I’ve noticed children crying, having tantrums, and talking in a stage whisper during Mass. But showing affection to their siblings? Not usually.
Maybe it’s a concept I have trouble wrapping my mind around because my brother and I didn’t get along well as children. But that little girl reminded me of how important it is to treat our family members well.
First thing in the morning, it’s tough to be pleasant. (Not being a morning person, I can’t bring myself to use the word “cheery.”) And after a long day of work at home or the office, it’s not always easy to deal positively with whining or complaining or to make our children crack open the homework books or practise piano. Family members often see the grumpiness, sadness, bitterness or frustration we hide from the rest of the world—and not enough of the kindness, empathy and helpfulness we show others. But our families should be getting the best part of us.
The Catechism offers us some important reminders about family dynamics, including these:
- “The relationships within the family bring an affinity of feelings, affections and interests, arising above all from the members’ respect for one another” (s. 2206).
- “Parents have the first responsibility for the education of their children. They bear witness to this responsibility first by creating a home where tenderness, forgiveness, respect, fidelity and disinterested service are the rule” (s. 2223).
We want our homes to be havens and not battlegrounds, and we want to give our children an example of what healthy family relationships look like. So here are a few thoughts:
- Insist on good manners during meals at home or in public and while being assisted in a store so that kids know everyone deserves to be treated with respect. My son has to say “Tak for mad” (“Thanks for the food” in Danish) before asking to be excused from the dinner table. Not that he’s always thankful for the meal, of course.
- Thank family members for helping out, even if the task is on their chore list, so they know their contribution matters. And be sure to notice and comment on extra things they do that show responsibility and kindness. Since my son’s 13, I appreciate it when he remembers to empty his backpack and put away his clothes without being reminded.
- Show affection. Maybe that seems obvious, but for some of us, it may be something we have to work at a bit. For some kids, this might mean a hug before school or bed; for others, like my son, it might mean using their parents as a private leaning post, wrestling, or having a Nerf dart battle.
- Keep a running list of movies to watch and weekend activities to do that includes every family member’s picks so that everyone feels involved.
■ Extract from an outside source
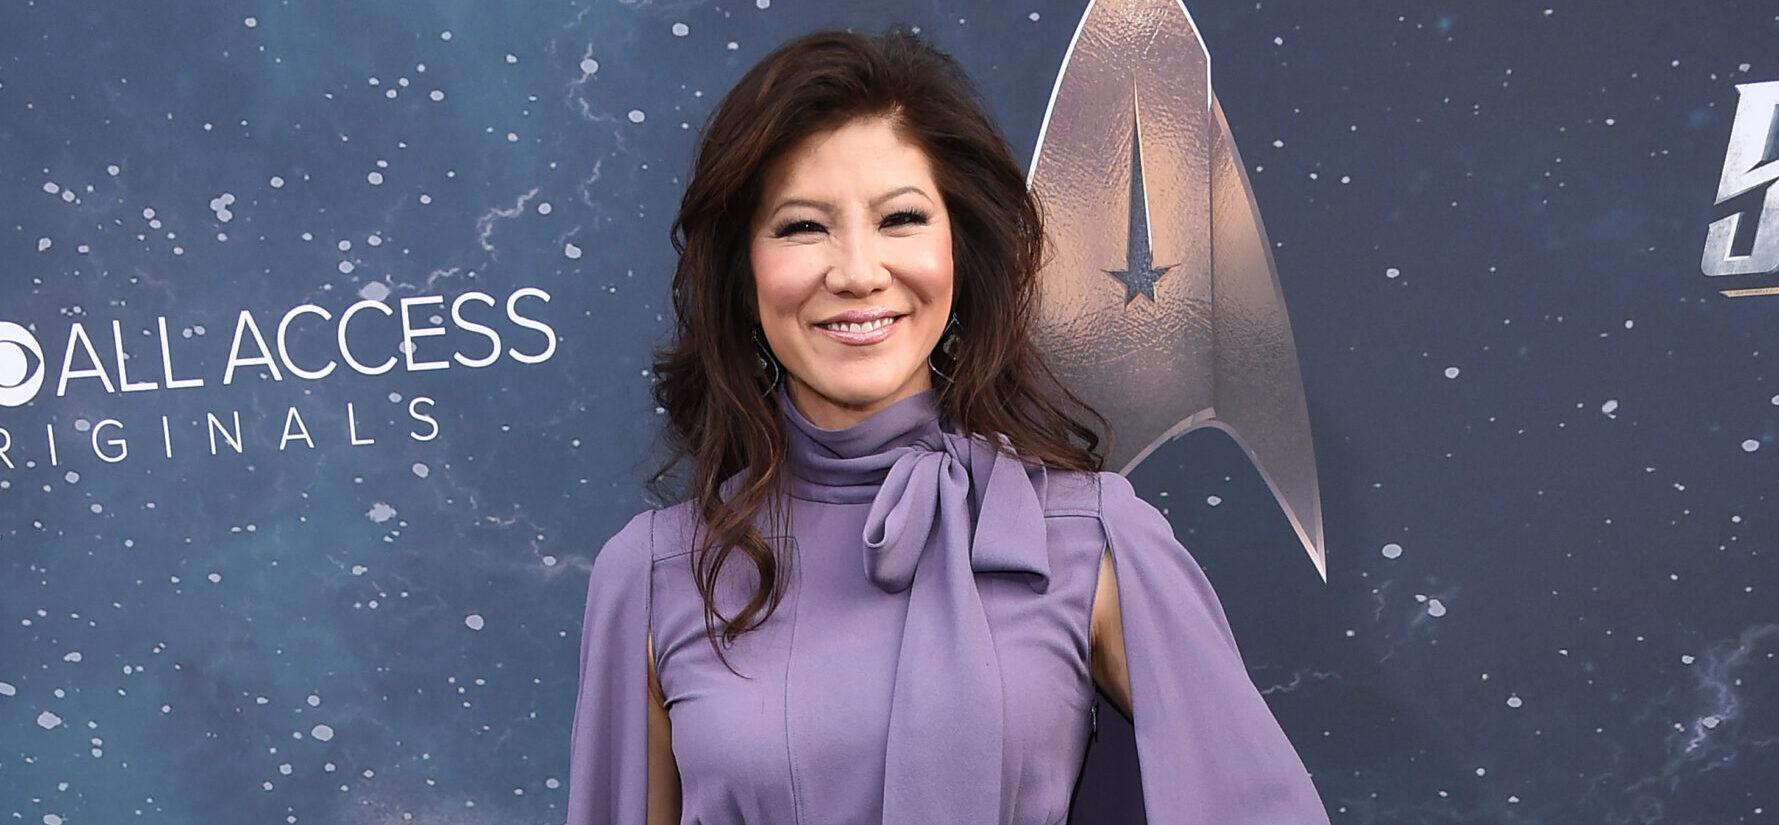 Julie Chen Breaks Silence On Orchestration Behind Her Exit From ‘The Talk’

At our house, this can also make the difference between a do-nothing weekend and one where we actually have fun as a family.
- Get kids involved in picking out their own clothes and choosing decorative items for their rooms so they know their opinion counts. I asked my son what his favourite colours were and then picked out sheets, towels and accessories in those colours. A bonus is that kids might be proud of their rooms and want to keep them neater. (I did say might.)
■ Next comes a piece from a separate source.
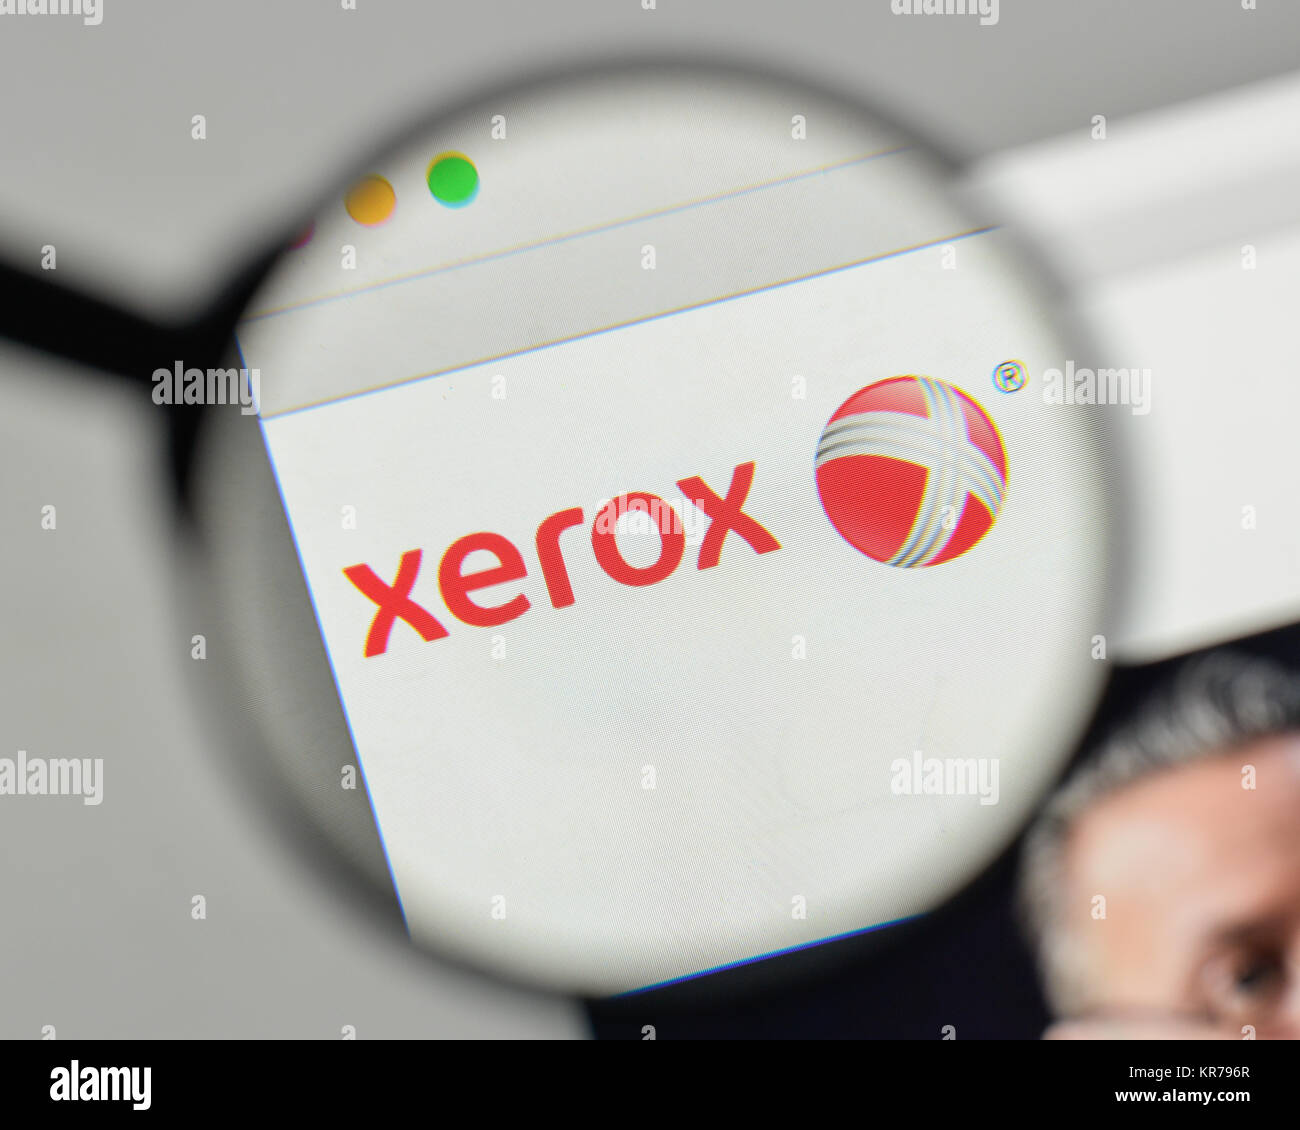 Xerox Logo High Resolution Stock Photography And Images Alamy

- Pray for and keep in touch with the extended family. Acknowledge birthdays and anniversaries, or send e-mails or call just to catch up. Celebrate milestones like graduations, new jobs and retirement as well as baptisms, First Eucharist, confirmations and weddings. If there is a rift in your family, try to help mend it. My extended family uses Facebook to keep in touch, and my mother and I contribute to the bottom lines of scrapbook-supply and greeting-card companies. I send Christmas cards to some relatives who don’t keep in regular contact with much of the family in the hopes that the thought will count.